Unfortunately, international law has failed to establish a procedure for qualified groups to pursue statehood. Although the UN Charter and two international human rights treaties provide for the right to self-determination, no international remedy exists to realize such claims. Peoples that exist under alien domination are trapped within what human rights jurists describe as the ‘iron cage’ of the domestic state laws which subjugate them. A central idea of human rights is that it permits individual(s) to appeal to a regional or international adjudication body for relief denied them by their host states. The lack of such a remedy, combined with the failure of current international initiatives, has stalled the realization of Palestinian statehood.

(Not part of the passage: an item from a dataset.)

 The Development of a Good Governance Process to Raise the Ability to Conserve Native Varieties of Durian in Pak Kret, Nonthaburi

Enhancing the jurisdiction of treaty monitoring bodies such as the UN Human Rights Committee (HRC) will help states to understand their treaty obligations with regard to internal groups that jurists term ‘peoples’ and, therefore, qualified for self-determination. This is because adjudicative procedures offered by the HRC help ensure protection for ethnic, religious, national, and linguistic groups. At this time, the HRC does not take up claims for self-determination.
Thus far, nations have achieved statehood in only carefully prescribed situations. Some examples include European states created out of empires controlled by defeated Central and Axis powers after WWI and WWII; the grant of independence to the African, Asian and Caribbean colonies by the European powers ending the colonial era in the decades after WWII; the emergence of independent states from long-standing federations after 1990, 15 in the case of the Soviet Union in 1990-1991, and six in the case of Yugoslavia; and UN-supervised paths to independence for subjugated provinces, namely East Timor (formerly part of Indonesia) in 2002 and Kosovo (formerly part of Serbia) in 2008.

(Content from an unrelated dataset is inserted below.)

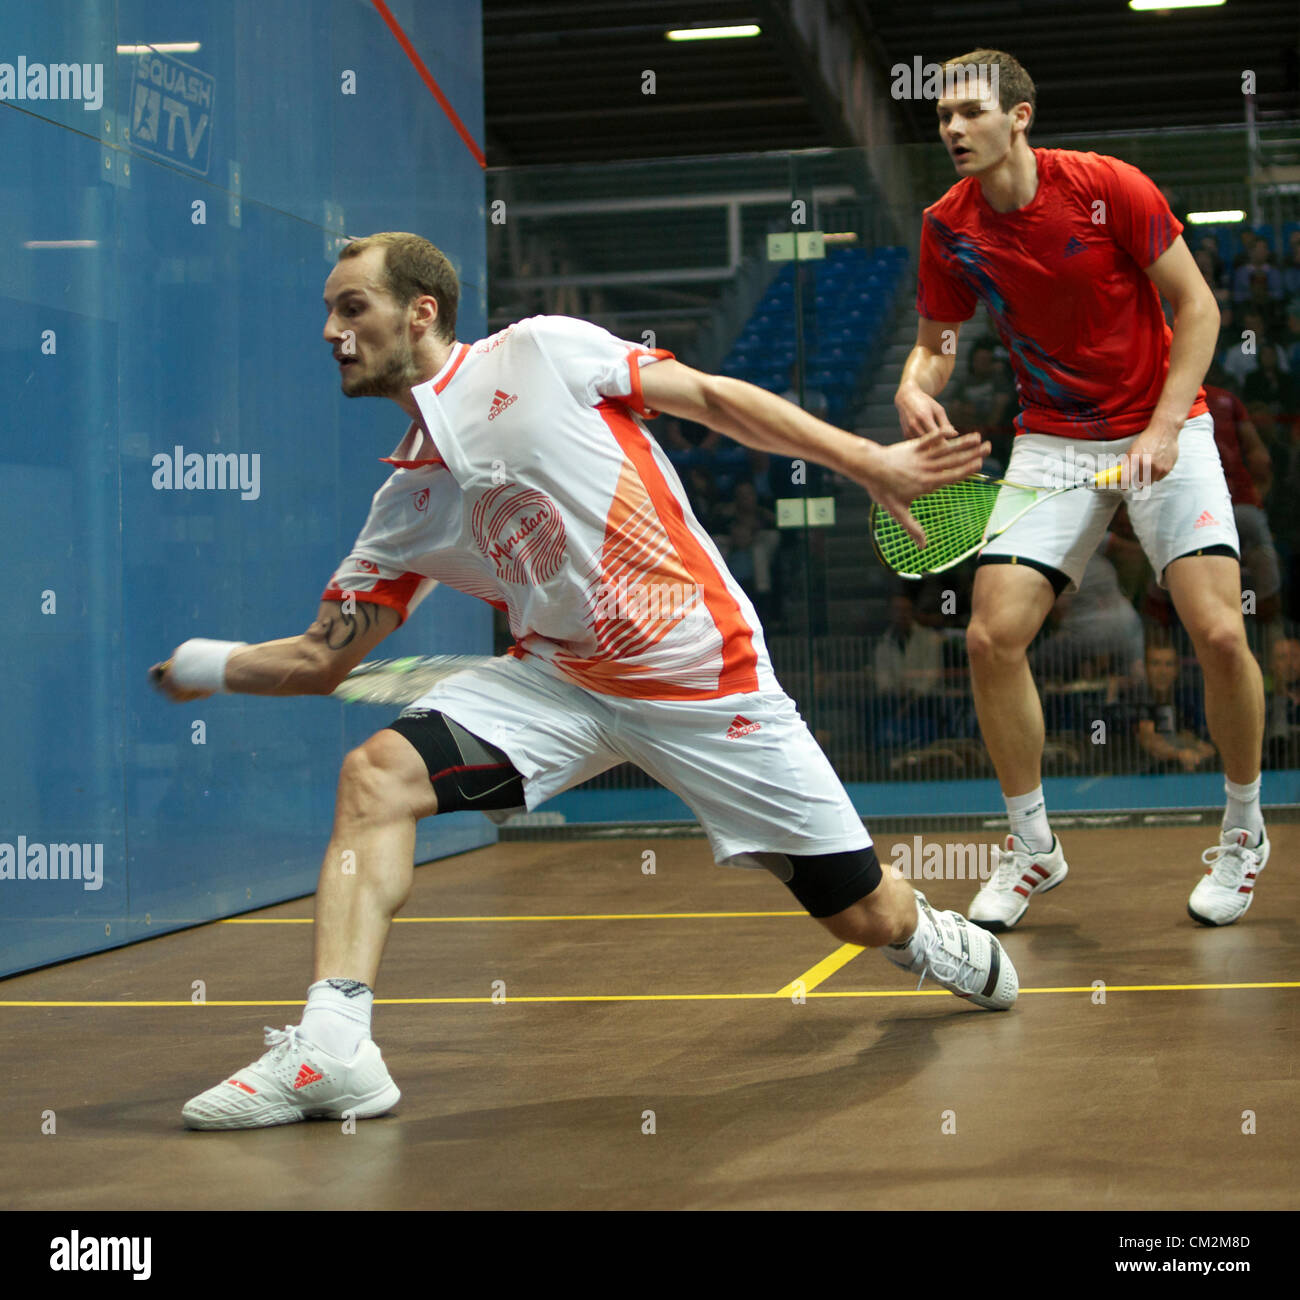 Gregory Gaultier (France).moves to make a forehand  return during his match with Adrian Waller (England). Gaultier won the first round match 11-6.11-7.11-4 in the British Grand Prix at Sportcity, Manchester, UK 21-09-2012 Stock Photo

The Palestinians current legal existence is statu nascedi, meaning that they are at the beginning of a process that is leading to statehood. However, self-determination is not necessarily co-terminus with statehood, and may be achieved through a variety of means that protect group autonomy. The preferred type of self-determination, i.e. autonomy or statehood, is a question decided by the group itself. Palestinians can realize their right to self-determination in either of the single-state, or two-state forms.

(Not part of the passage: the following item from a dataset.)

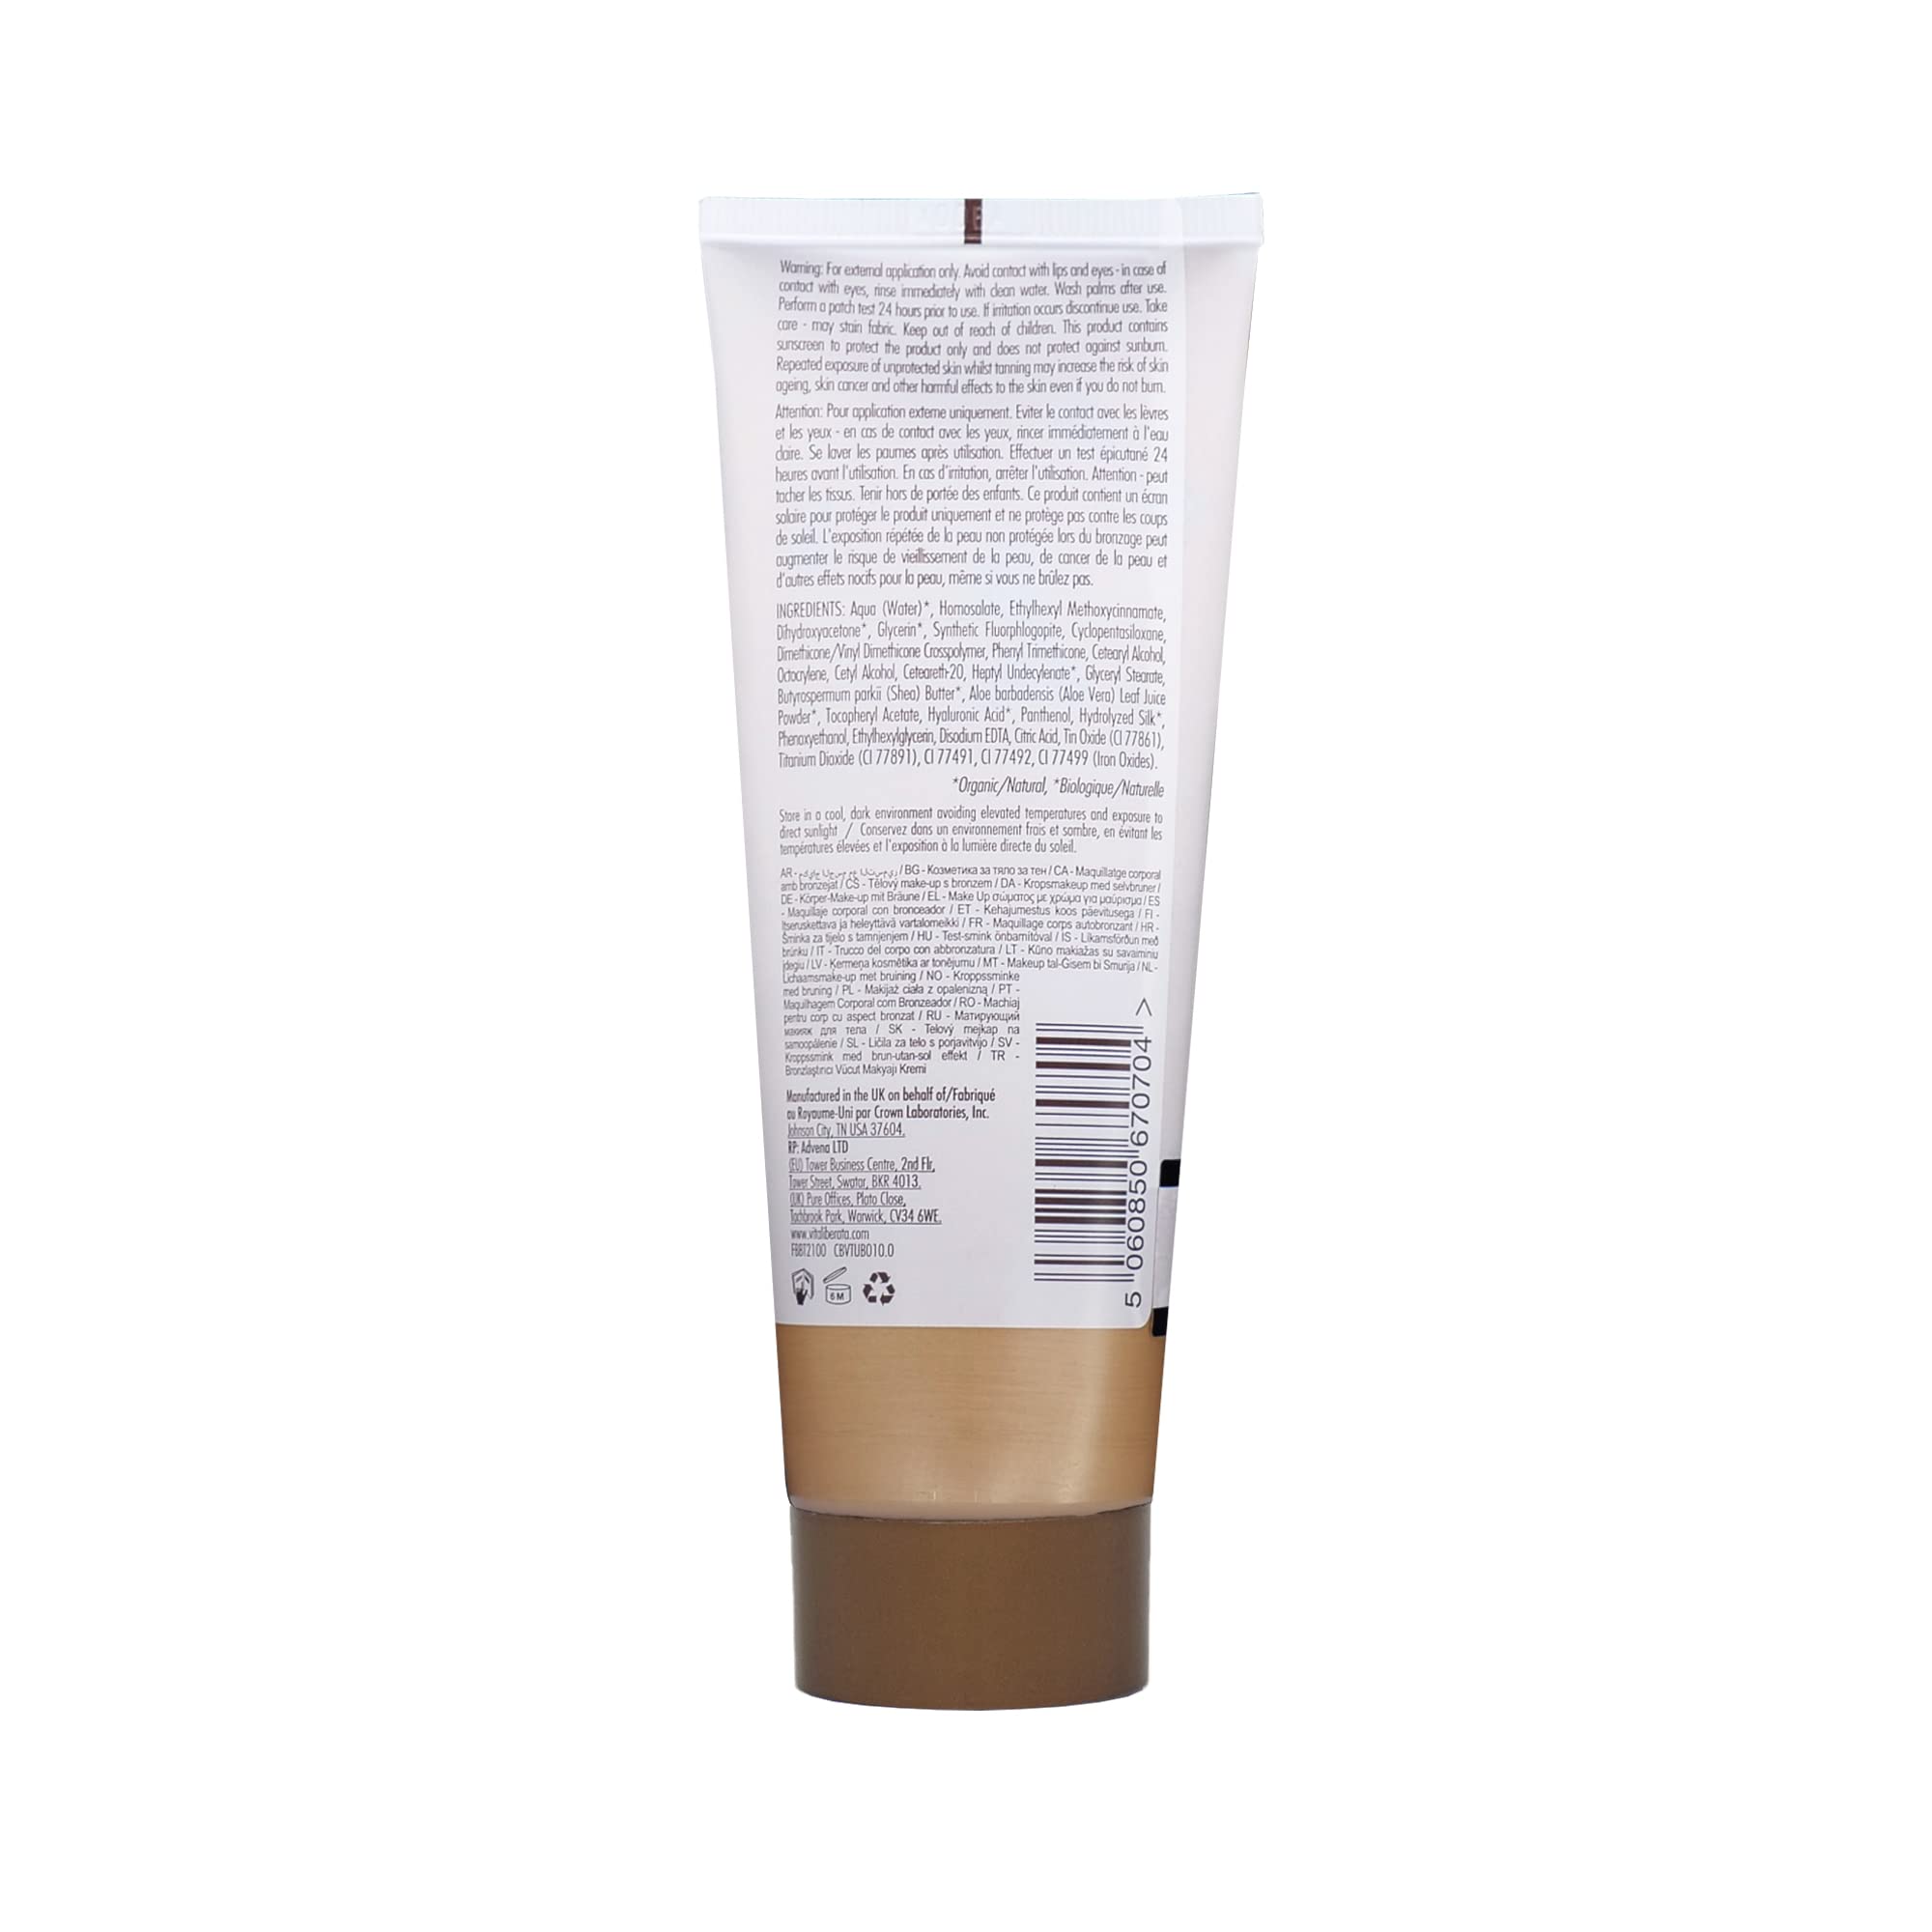 Vita Liberata Body Blur With Tan, Leg and Body Makeup. Skin Perfecting Body Foundation for Flawless Bronze, Easy Application, Radiant Glow, Evens Skin Tone, 3.38 Fl.Oz, NEW PACKAGING

The plan to disassociate Israelis and Palestinians into separate states raises another theoretical question, namely, should international bodies incorporate new states based upon the national, ethnic, religious or linguistic identity of a single group?
The classic formula of nationalism, to make ‘every nation a state and every state a nation’, results in what the Minorities Section Director of the League of Nations, P. de Arcarate, described as an international “crisis”. This is because the world contains 3,000-8,000 ethnic groups living in 192 UN member-states. How do international organizations go about determining which of these human communities are deserving of statehood?
The League of Nations’ Mandate for Palestine proposed that Israelis and Palestinians live together within a single, bi-national state. The Mandate established a Jewish national home located within Palestine with self-governing institutions while guaranteeing the civil, political, and cultural rights of Palestinians, as well as other minority groups. Moreover, even in present-day Israel, Arabic is an official language alongside Hebrew, bearing testimony to the state’s bi-national character. However, the Mandate’s single-state solution never received much support from Israelis or Palestinians, and now languishes in obscurity in most of the international discourse.
It is surprising that, given the historic failures of partition, most Israelis and most Palestinians prefer separation over integration. For example, the partition of India (Hindu) to create Pakistan (Islamic) produced inter-group violence, which continues to this day. Witness the recent terror attacks on Mumbai’s Taj Mahal Hotel and Oberoi-Trident Hotel.